In the 24 March 1927 issue of Young India, Gandhi wrote:
‘You will avoid theatres and cinemas. Recreation is where you
may not dissipate yourself but recreate yourself. You will therefore
attend bhajan mandalis (prayer meetings) where the word and the
tune uplift the soul.’ He went to the extent of saying that going
to the cinema was like a ‘drinking-bout’—‘the results of both are
the same’. He attributed children’s headaches and loss of thinking
power to cinema.
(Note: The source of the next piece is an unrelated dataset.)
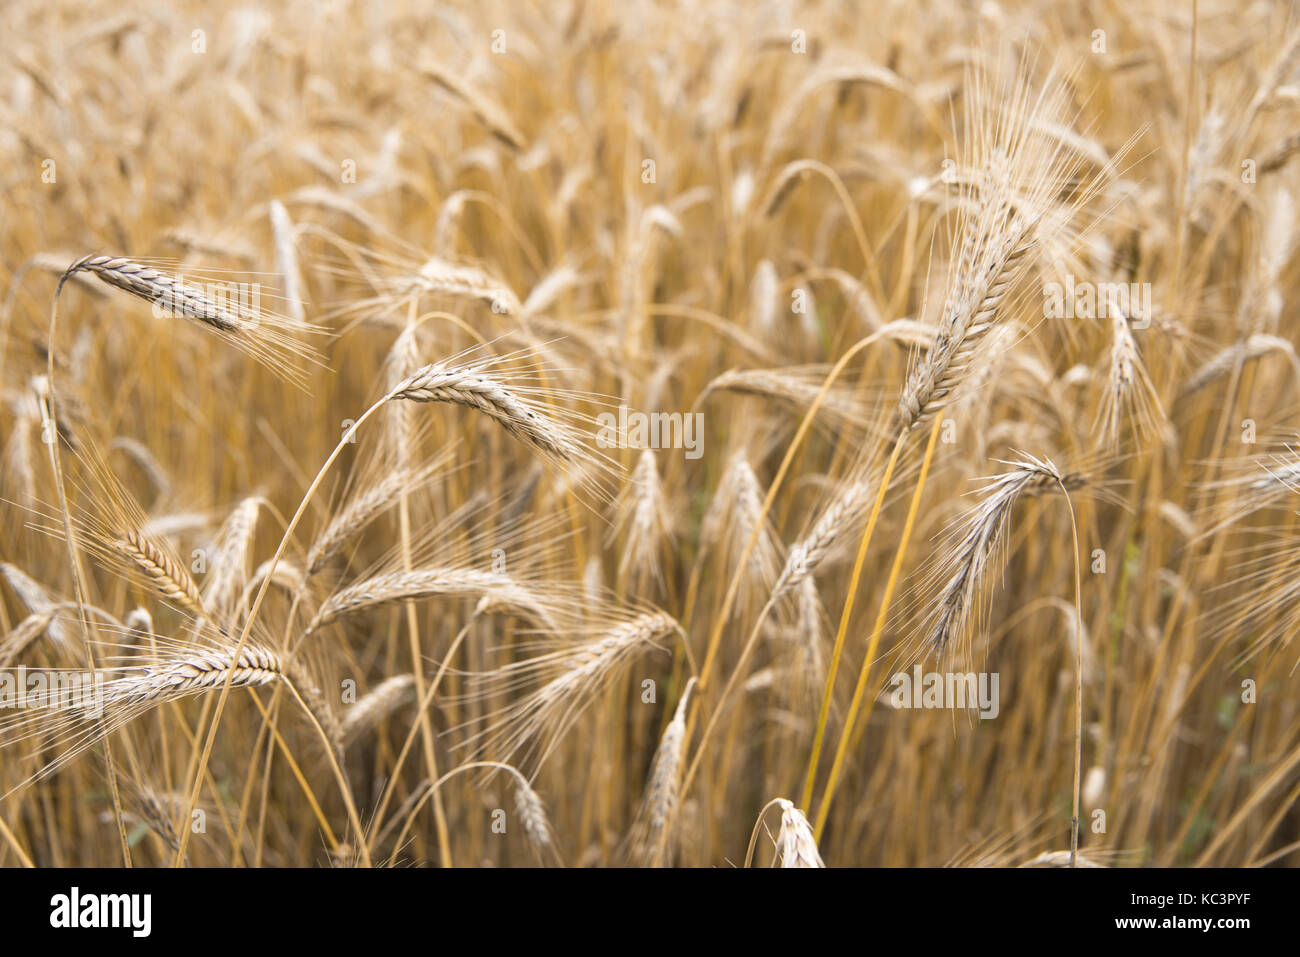 Wheat sprouts growing in the field, in the sunlight Stock Photo

In 1934, when he heard that the Congress
session was planning some film shows, he ridiculed the idea:
‘Do they wish to turn the Congress session into a Felix Circus or
Barnum show?... [N]o such programmes can be arranged at the
place where the [nation’s] parliament meets. But we have turned
Congress into a tamasha.’ Just before India’s independence, he even
indicated the total banning of cinema: ‘If I had my way, I would see
to it that all the cinemas and theatres in India were converted into
spinning halls and factories for handicrafts of all kinds....I would...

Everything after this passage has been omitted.